Cast: Kyle MacLachlan, Dennis Hopper, Isabella Rossellini, Laura Dern

Director: David Lynch

Screenplay: David Lynch

Running time: 2 hrs 4 mins

Genre: Drama/Thriller



CRITIQUE:

Blue Velvet is an eerie, freakish experience – and that is both a compliment and a critique. The cinema of David Lynch, after all, is inundated with oddities that pretty much go against the standard of reasons. But surprisingly, dissimilar to Mulholland Drive, which has a jumbled narrative flow, Blue Velvet has a chronological approach to storytelling. Nevertheless, it retains the dark elements that would soon serve as the bedrock for his more recent masterstroke. A tale of psychotic sexual awakening beyond the neat hedges and well-trimmed lawns of American suburbia (quite close to Hollywood), Lynch draws deeply dark strokes on his psychologically disturbing canvas, and finds terrific performances from Isabella Rossellini as the sexually repressed chanteuse and Dennis Hopper as the all-out megalomaniac. The film’s weight, however, lies on the shoulders of the clean-cut Kyle MacLachlan as Jeffrey, the young college student hopping around in pseudo-detective work, whilst maintaining an off-kilter romance with Laura Dern.


Lynch’s visual palette is so heavy with dark hues that it looks a noir.
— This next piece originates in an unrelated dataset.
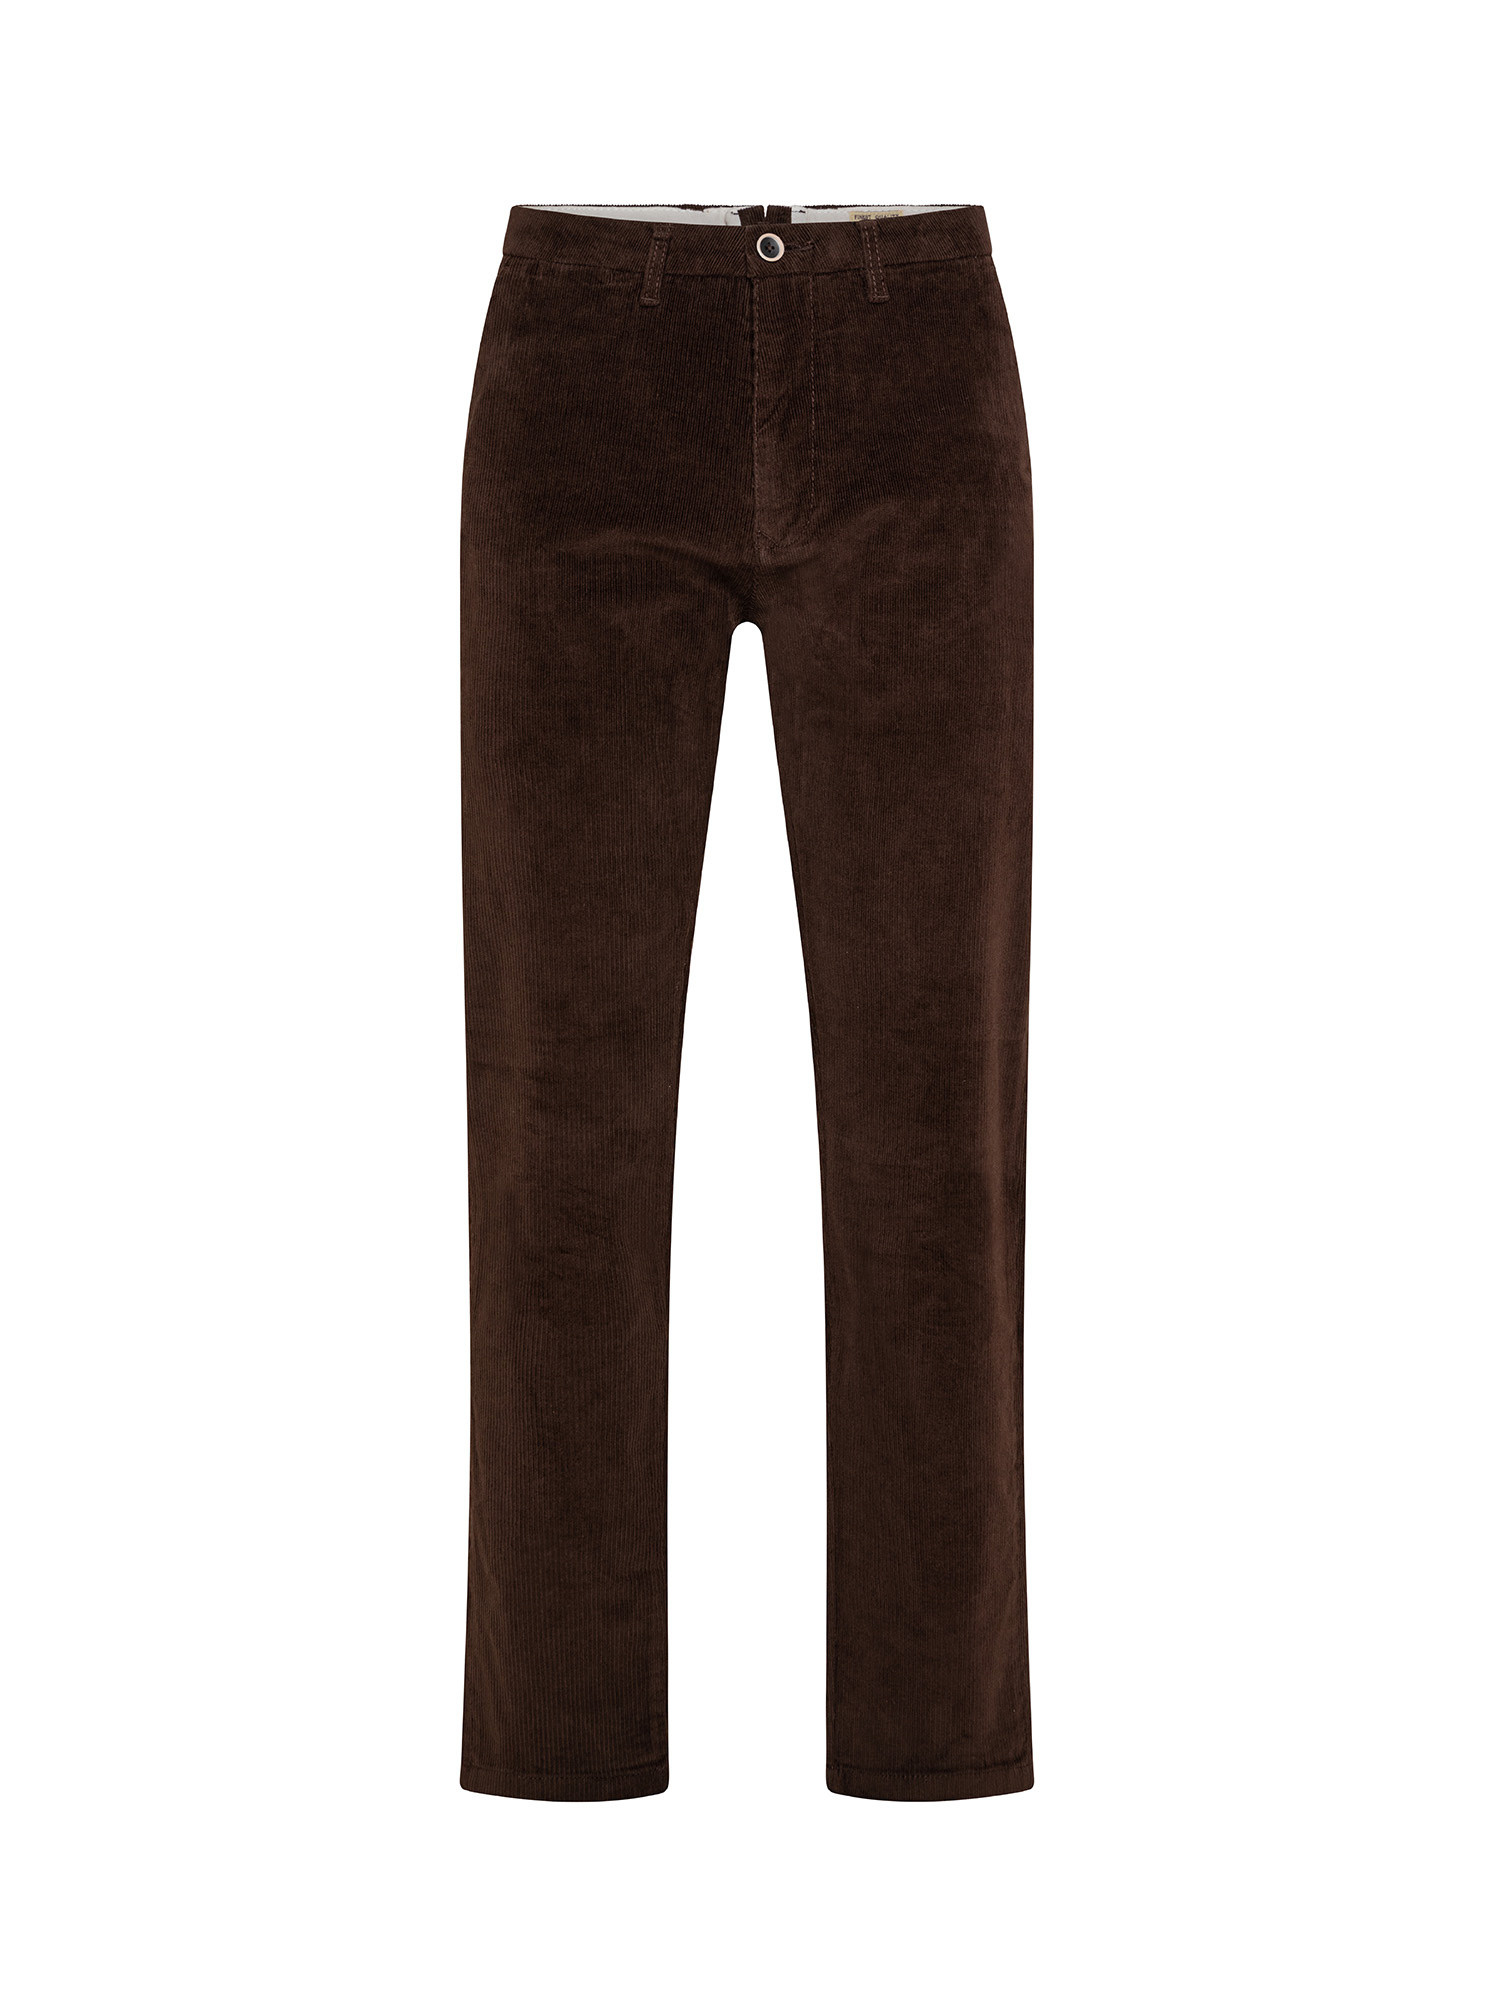 JCT - Slim fit velvet chino trousers, Brown, large image number 0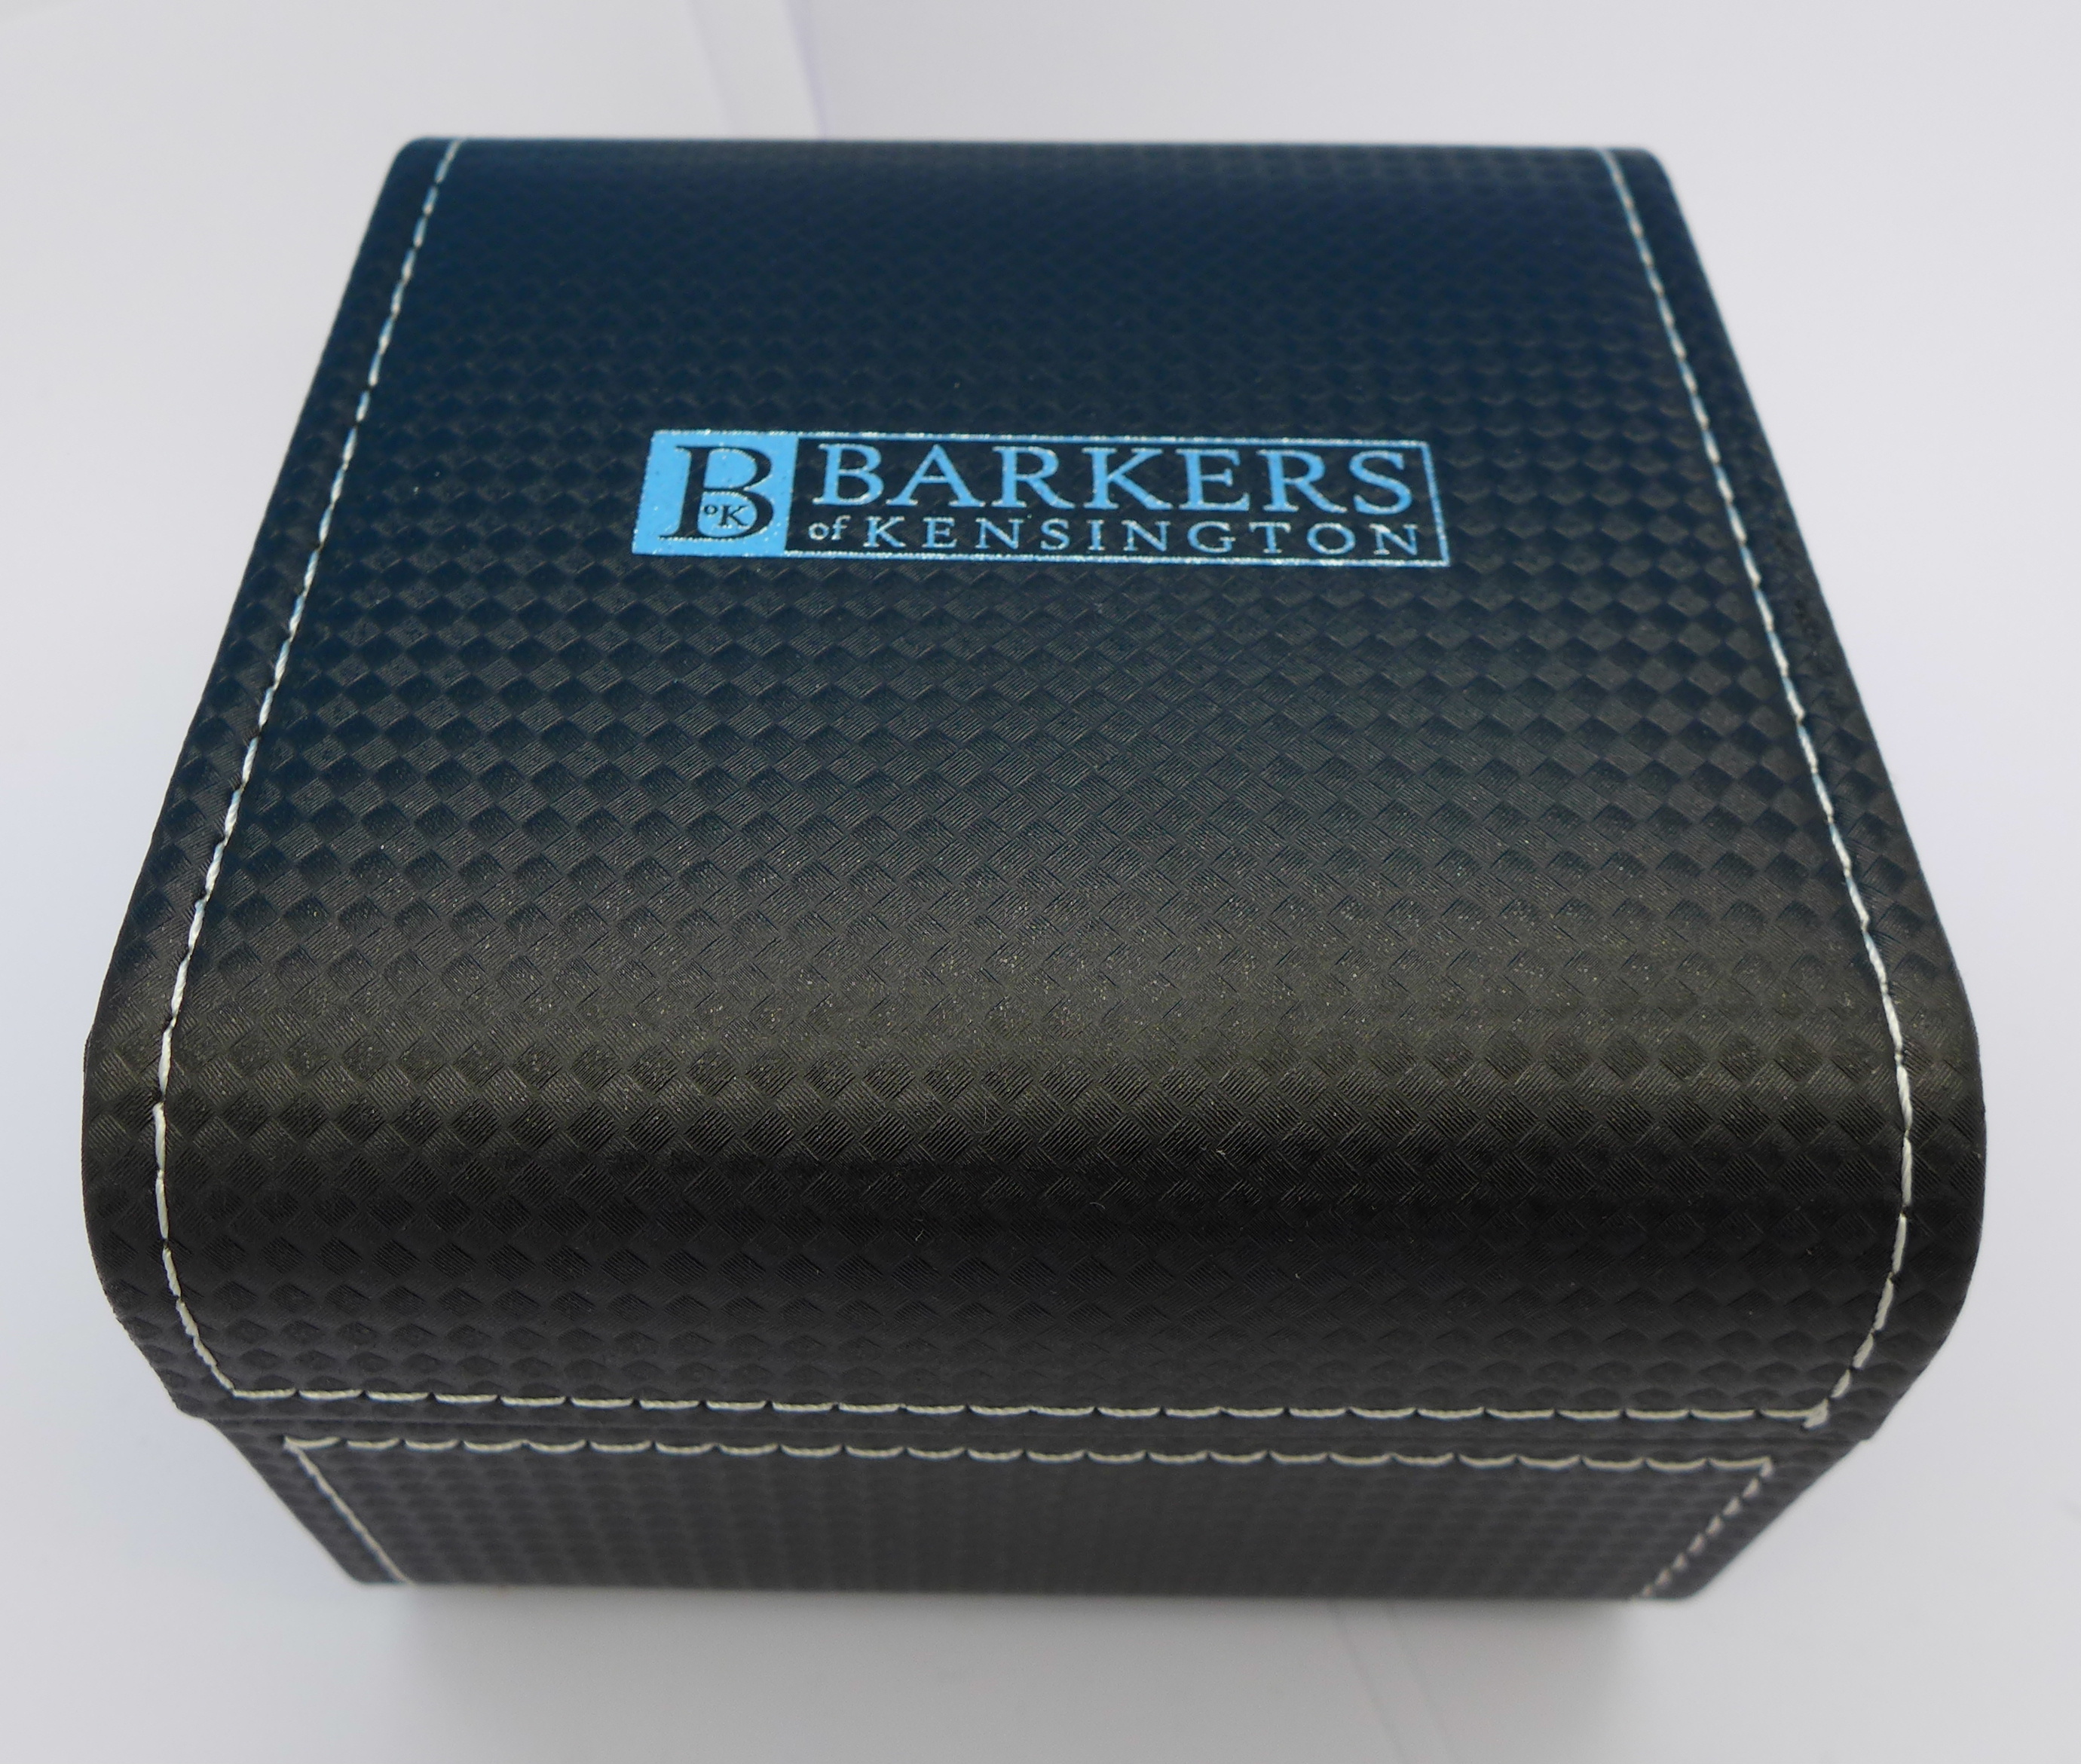 A Barkers of Kensington wristwatch, Entourage Rose, new and boxed, - Image 3 of 3

In fact, there are noirish elements everywhere in this film; a baffled, ambiguous hero, a morally subversive villain, and a cerebral femme fatale. Whilst a very flawed film, and certainly cannot compare to the brilliance of Mulholland Drive, this is still a significant Lynch celluloid. How it influenced Donnie Darko’s dark heart is a thing to marvel at. Even Lynch’s almost obsessive criticism to Hollywood life starts from here, as he continues to rework the theme in his future films. The main stumble here is a rather tidy ending, so contradictory to the entire grim affair.


VERDICT:

An eclectic mix of noir, detective fiction, a bit of Hitchcock, and a dash of the bizarre; not Lynch’s best but watchable and disquieting.